Le terme « portage immobilier » est un synonyme commercial de la vente à réméré. Les deux expressions désignent la même opération juridique, régie par les mêmes articles du Code civil. Le portage immobilier est simplement le nom utilisé par les organismes spécialisés pour désigner la vente avec faculté de rachat appliquée aux biens résidentiels. Quelle que soit l’appellation, le cadre juridique est identique.

La nature juridique : une vente sous condition résolutoire

Sur le plan juridique, la vente à réméré est une vente sous condition résolutoire. Le transfert de propriété est immédiat : l’acquéreur devient pleinement propriétaire dès la signature de l’acte. Cependant, si le vendeur exerce sa faculté de rachat dans le délai convenu, la vente est anéantie rétroactivement. Tout se passe alors comme si la vente n’avait jamais eu lieu.

Cette nature juridique a été confirmée par une jurisprudence constante de la Cour de cassation. Il ne s’agit pas de deux ventes successives, mais d’une vente unique dont l’exercice du rachat constitue une condition résolutoire — un cas particulier de condition dite « potestative » (dépendant de la volonté d’une seule partie), que la loi autorise expressément pour le réméré.

Comment fonctionne la vente à réméré ? Les étapes concrètes

Étape 1 — Évaluation du bien et accord sur les conditions

Le propriétaire fait évaluer son bien immobilier, généralement par un expert indépendant. Le prix de vente en réméré est inférieur à la valeur de marché : il faut compter une décote de 20 à 40 % pour compenser le risque pris par l’investisseur et la contrainte de la faculté de rachat. Les parties conviennent du prix de vente, du prix de rachat (qui peut être différent), de la durée de la faculté de rachat et du montant de l’indemnité d’occupation mensuelle.

Étape 2 — Signature chez le notaire

La vente à réméré portant sur un bien immobilier doit obligatoirement être formalisée par acte authentique devant notaire. L’acte mentionne expressément la clause de faculté de rachat, sa durée, le prix de rachat et les conditions d’occupation du bien. Le notaire procède ensuite à la publication de l’acte au fichier immobilier (Service de publicité foncière). Cette publication est essentielle : l’article 1673 du Code civil conditionne l’opposabilité du réméré aux tiers à cette formalité.

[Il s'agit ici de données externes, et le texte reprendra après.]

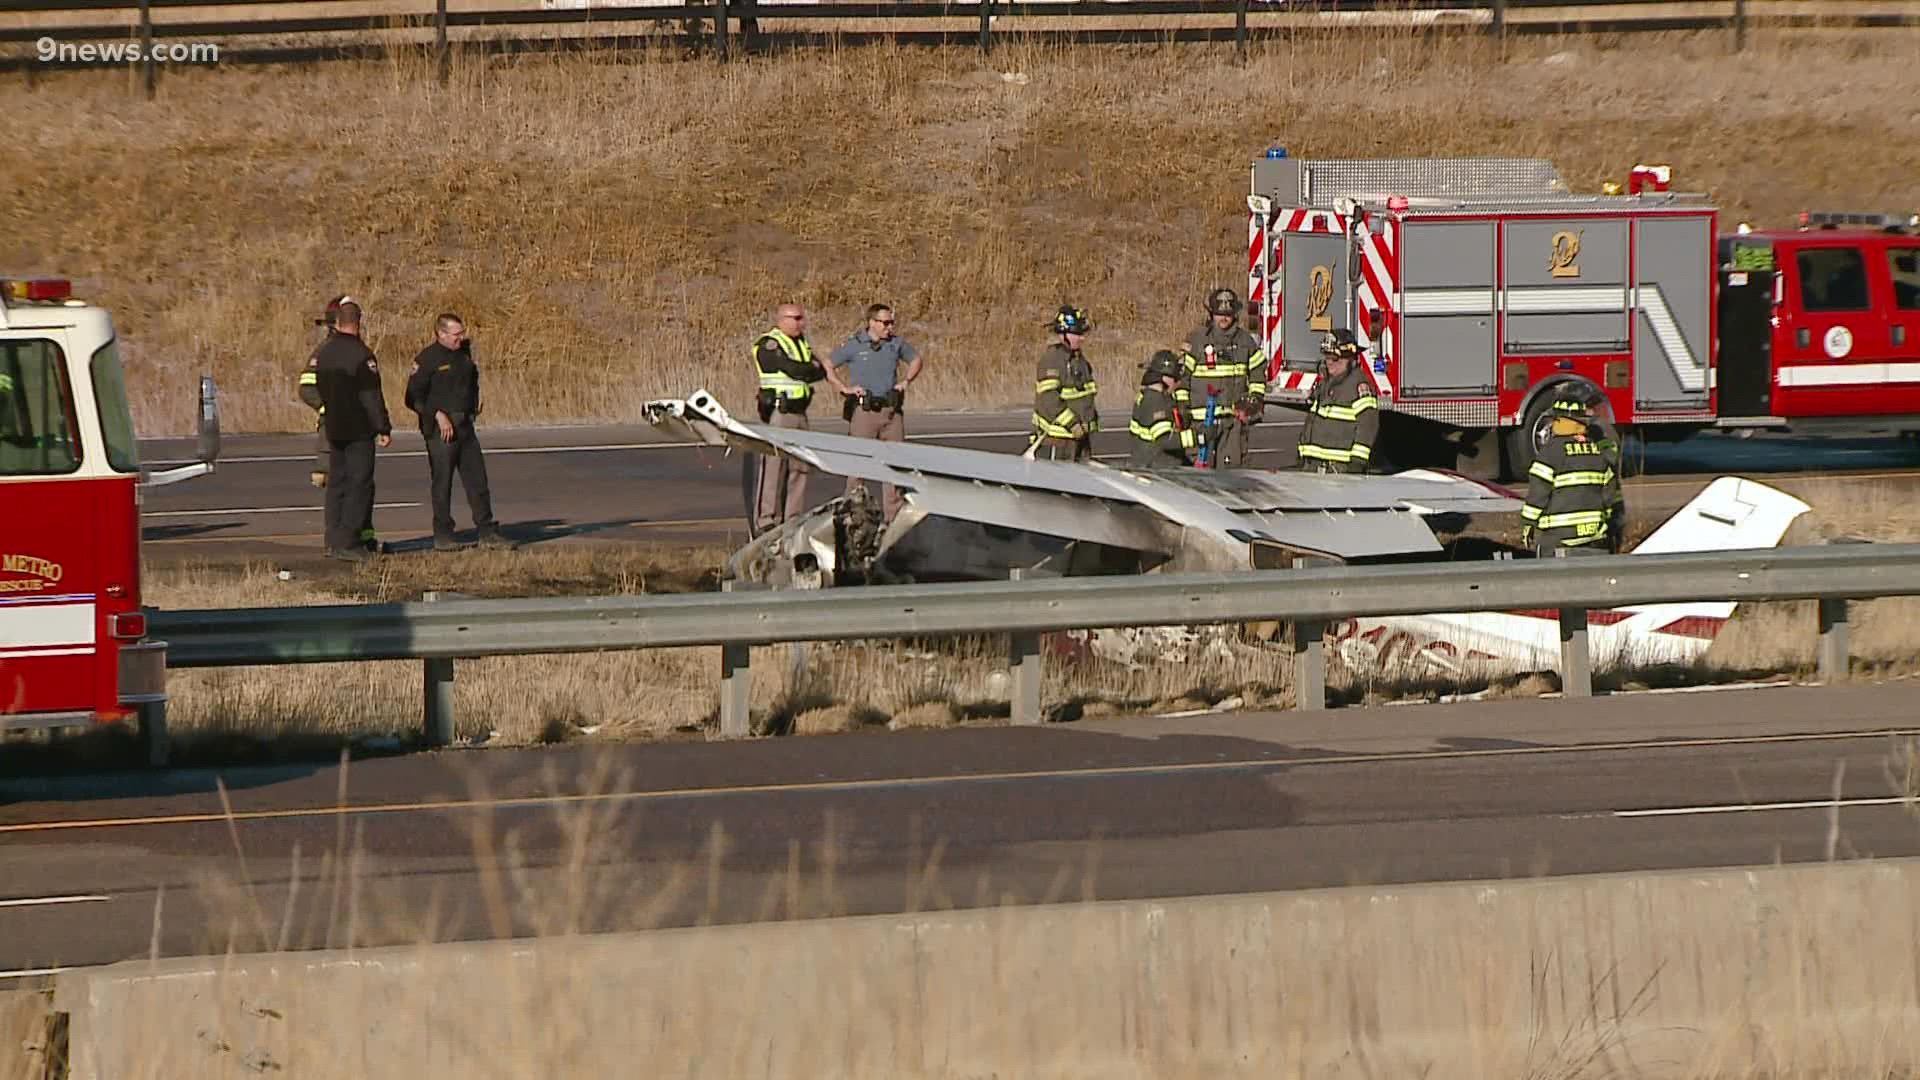 The plane landed in the median of E-470 at Jamaica Road, South Metro Fire Rescue said. The two people on board were taken to the hospital with minor injuries.

Étape 3 — La période d’occupation et l’indemnité mensuelle

Pendant toute la durée du réméré, le vendeur peut continuer à occuper son logement en versant une indemnité d’occupation mensuelle à l’acquéreur. Cette indemnité, comparable à un loyer, rémunère l’acquéreur pour la jouissance du bien dont il est devenu propriétaire. Son montant est librement fixé par les parties dans l’acte notarié. La Cour de cassation a confirmé la validité de ce mécanisme dans plusieurs arrêts (Cass. civ. 3e, 21 mai 2014, n° 12-23.607 ; Cass. civ. 3e, 1er oct. 2020, n° 19-17.668).

Pendant cette période, l’acquéreur est le propriétaire légal du bien. Il supporte les charges de propriété (taxe foncière, gros travaux), tandis que le vendeur-occupant assume les charges courantes liées à l’occupation.

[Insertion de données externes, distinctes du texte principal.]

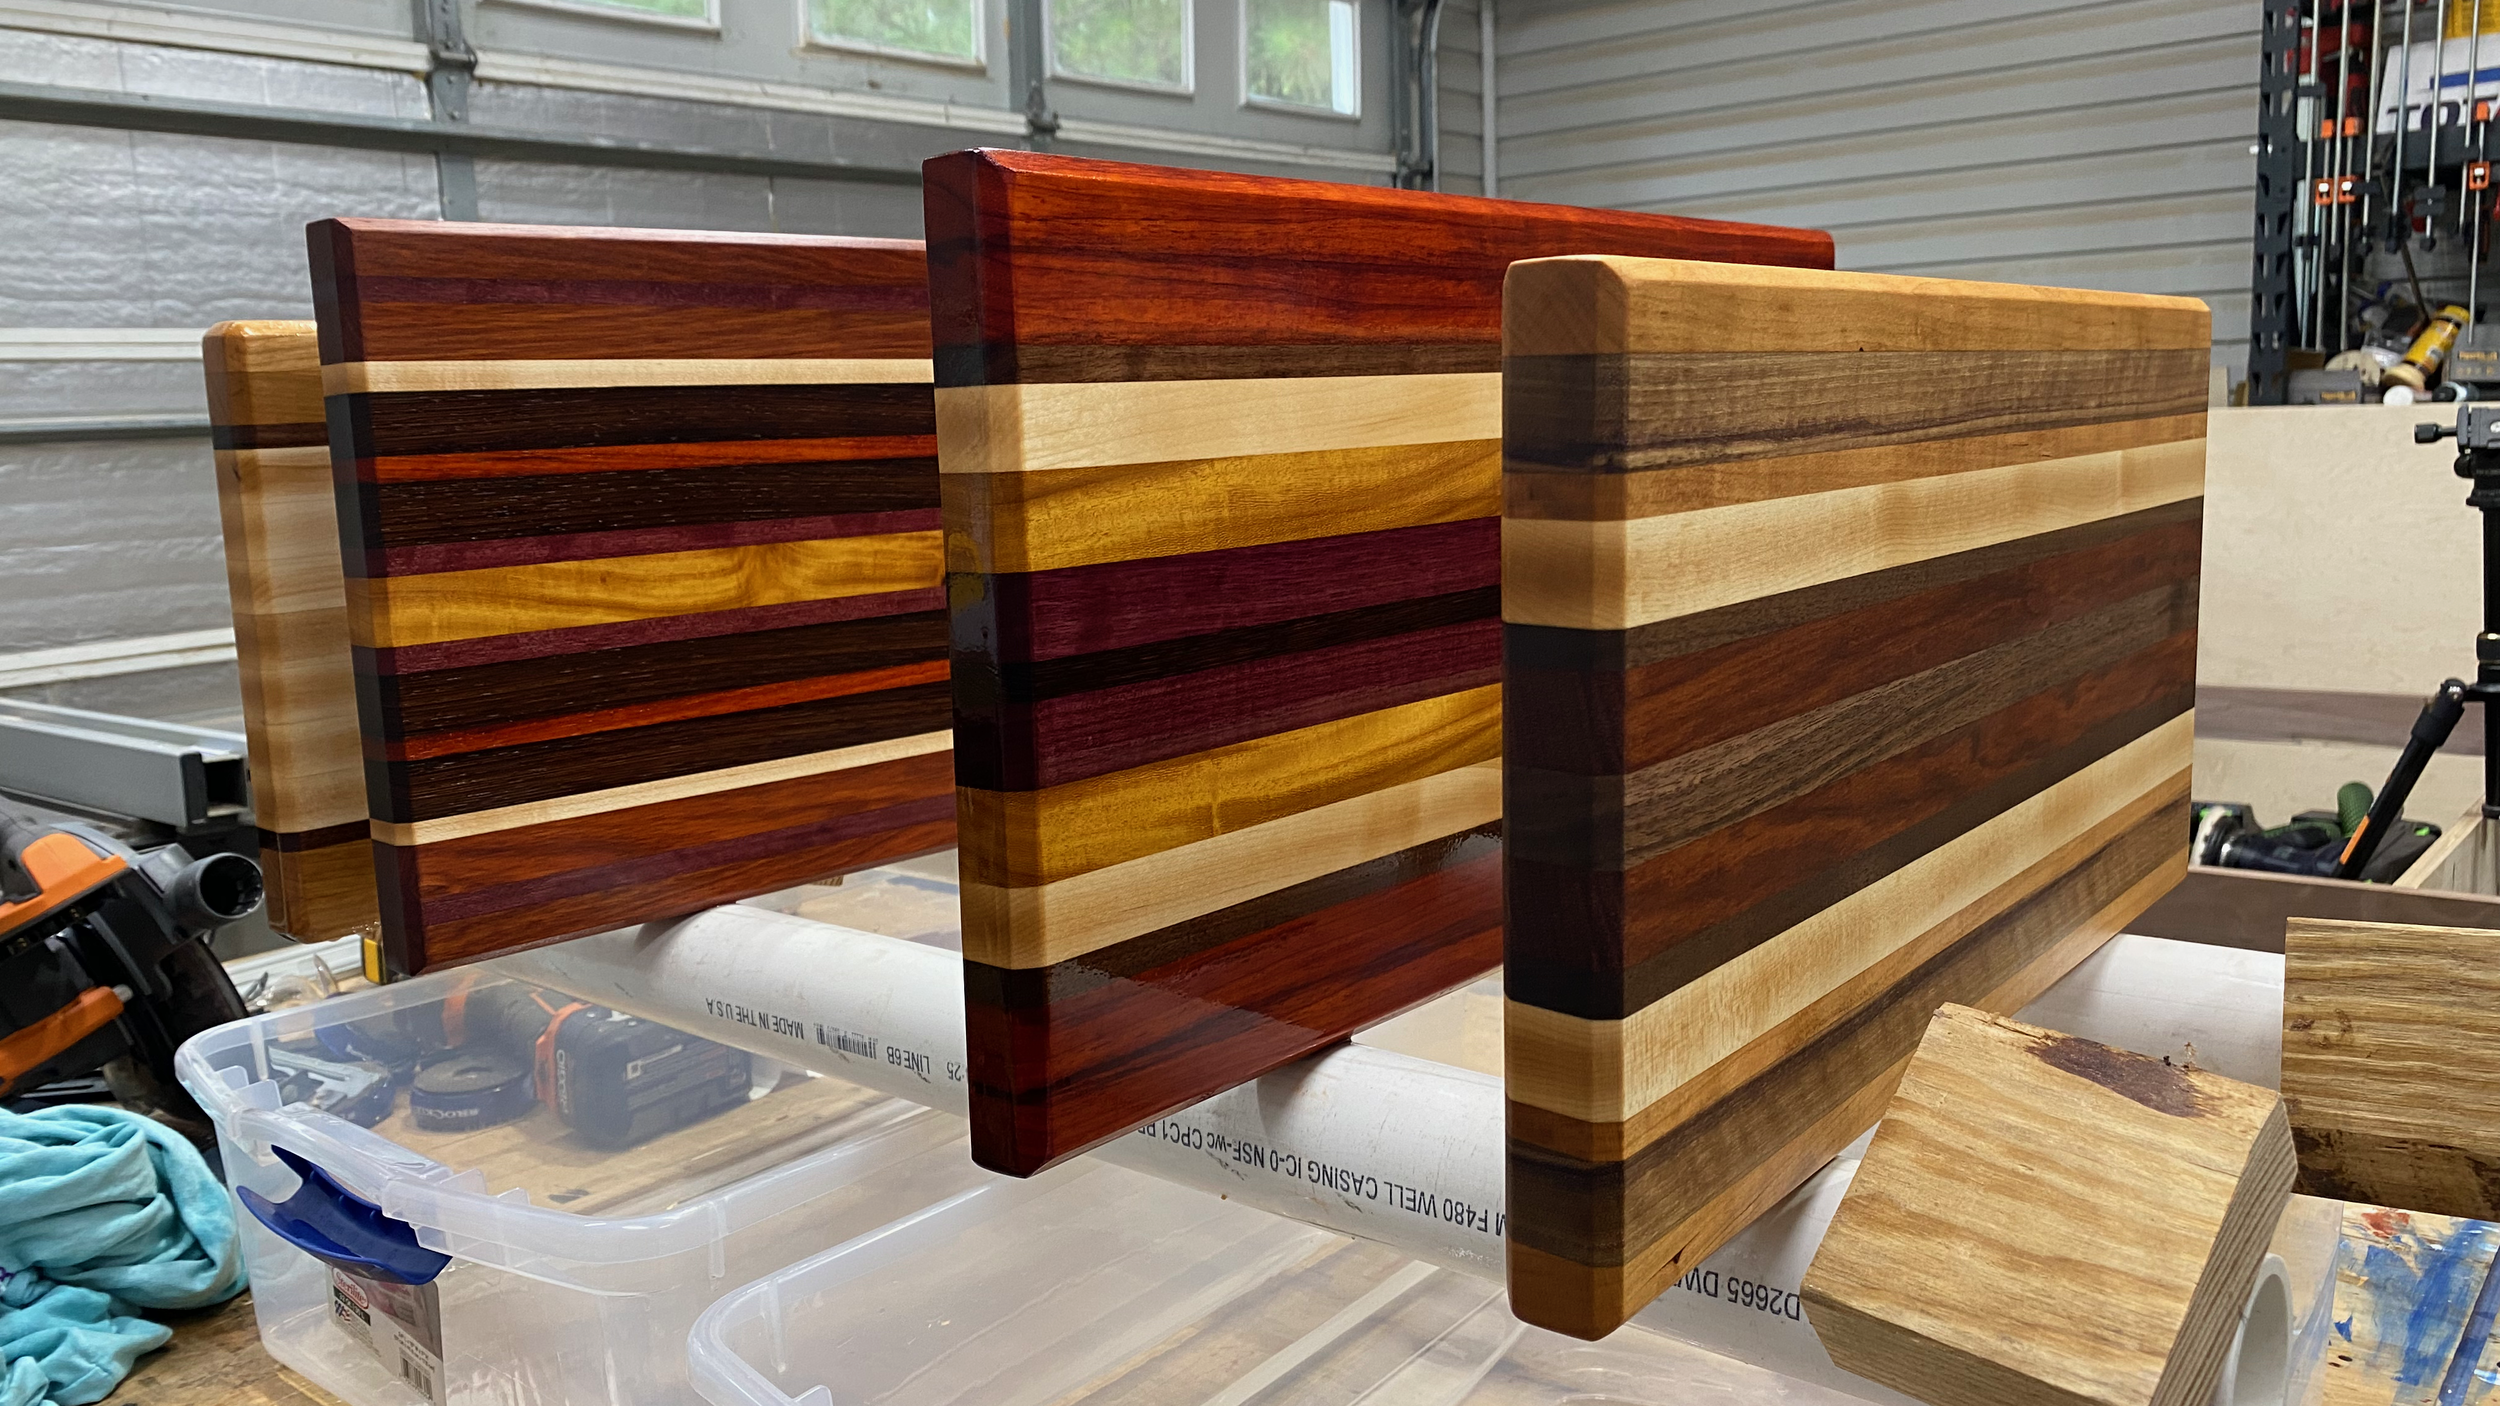 https://images.squarespace-cdn.com/content/v1/5a50cdd3b078698212f6e6af/1627221651862-SK5OEIQWDMOW6ZYKLSH7/cutting+board+drying+rack.png

Étape 4 — L’exercice du rachat ou la perte du bien

À l’issue de la période de réméré, deux scénarios sont possibles :

  • Le vendeur exerce sa faculté de rachat : il rembourse à l’acquéreur le prix de rachat convenu, majoré des frais prévus à l’article 1673 du Code civil (frais de vente, réparations nécessaires, améliorations). Il récupère alors son bien libre de toutes charges constituées par l’acquéreur, à condition que le réméré ait été publié au fichier immobilier. La vente est réputée n’avoir jamais existé (effet rétroactif dit ab initio).
  • Le vendeur ne rachète pas dans le délai : il perd définitivement et irrévocablement son droit de rachat. L’acquéreur devient propriétaire définitif. L’article 1661 du Code civil est sans ambiguïté : « Le terme fixé est de rigueur et ne peut être prolongé par le juge. » Si le vendeur reste dans les lieux après l’expiration du délai, il devient occupant sans droit ni titre et s’expose au paiement d’une indemnité d’occupation (Cass. civ. 3e, 8 déc. 2016, n° 15-27.762).

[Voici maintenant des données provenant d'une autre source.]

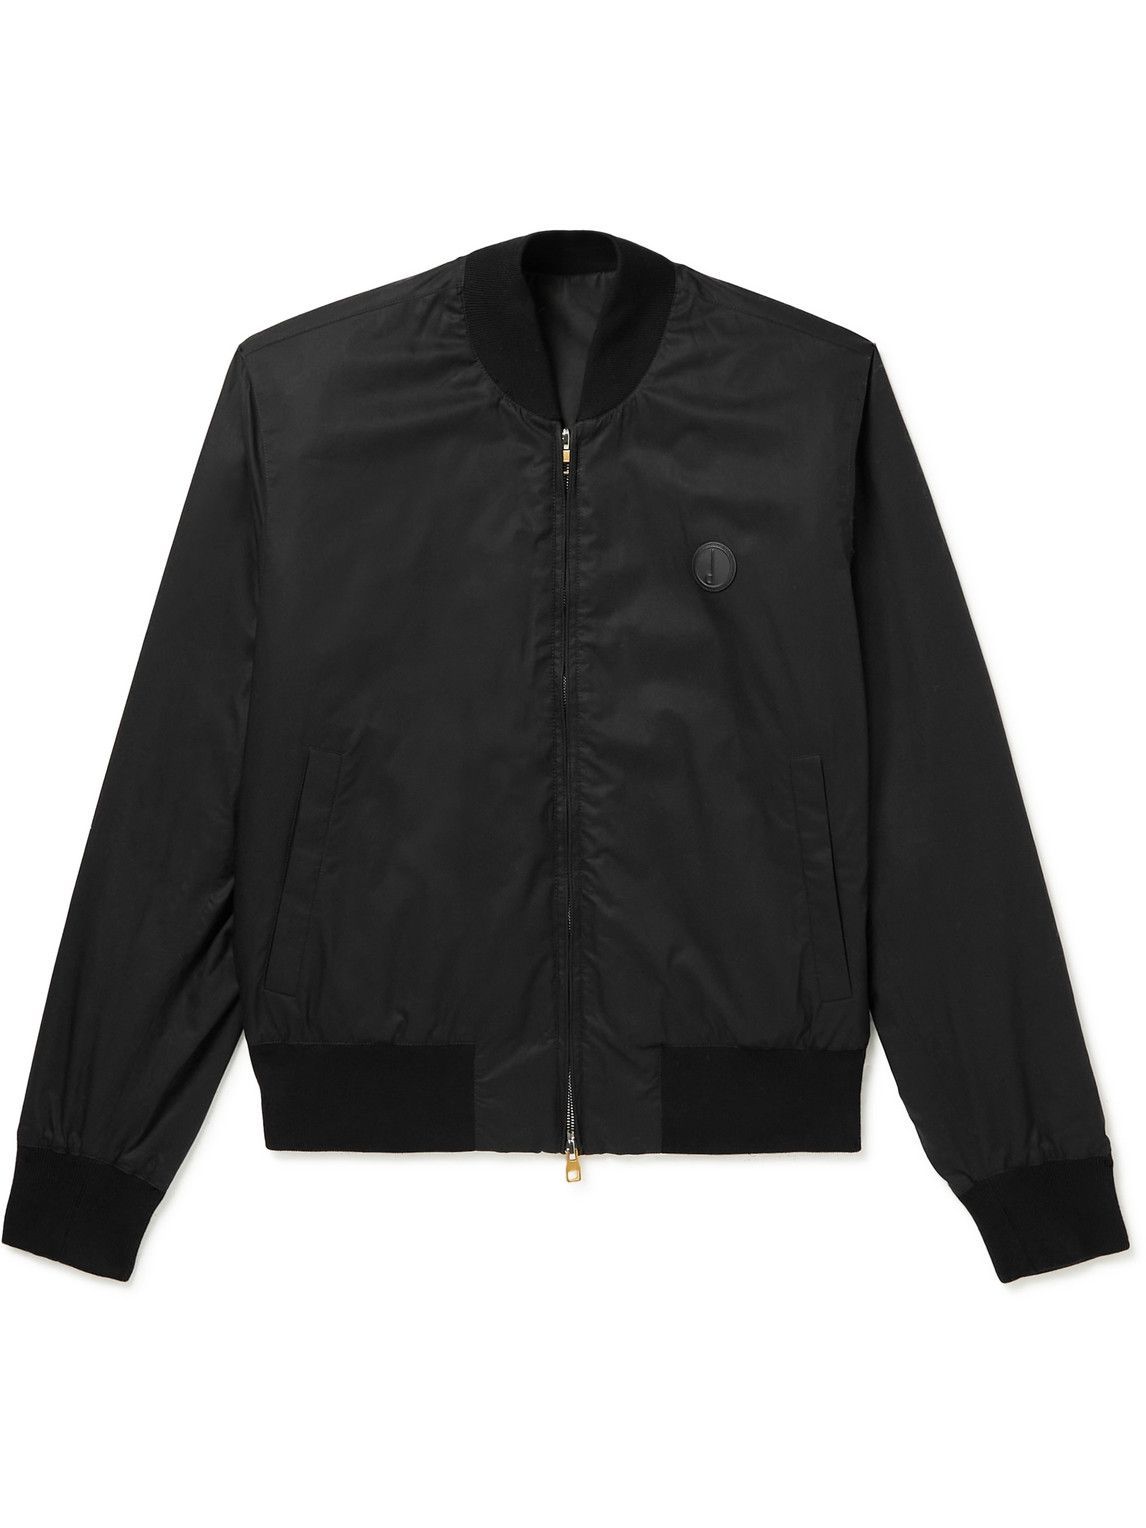 Dunhill - Reversible Cotton and Shell Bomber Jacket - Black Dunhill

Vente à réméré : exemple chiffré

Prenons un exemple concret pour illustrer le fonctionnement d’une vente à réméré immobilière :

  • Situation de départ : un propriétaire possède un appartement évalué à 300 000 €. Il a des dettes de 150 000 € et fait l’objet d’une procédure de saisie immobilière.
  • Prix de vente en réméré : 210 000 € (décote de 30 % par rapport à la valeur de marché).
  • Utilisation des fonds : les 210 000 € servent à rembourser les dettes (150 000 €), payer les frais de notaire (~15 000 €) et la commission de l’organisme de réméré (~15 000 €). Le solde (~30 000 €) reste disponible pour le vendeur.
  • Indemnité d’occupation : 1 200 €/mois versés à l’investisseur pendant la période de réméré.
  • Durée : 24 mois pour exercer la faculté de rachat.
  • Prix de rachat : 240 000 € (prix de vente + rémunération de l’investisseur).
  • Dénouement : le propriétaire assainit sa situation financière, obtient un nouveau prêt immobilier et rachète son bien à 240 000 € avant l’expiration des 24 mois.

Dans cet exemple, le propriétaire a évité la saisie immobilière, conservé la jouissance de son logement, et racheté son bien à un coût total inférieur à celui d’une vente forcée suivie d’un rachat sur le marché.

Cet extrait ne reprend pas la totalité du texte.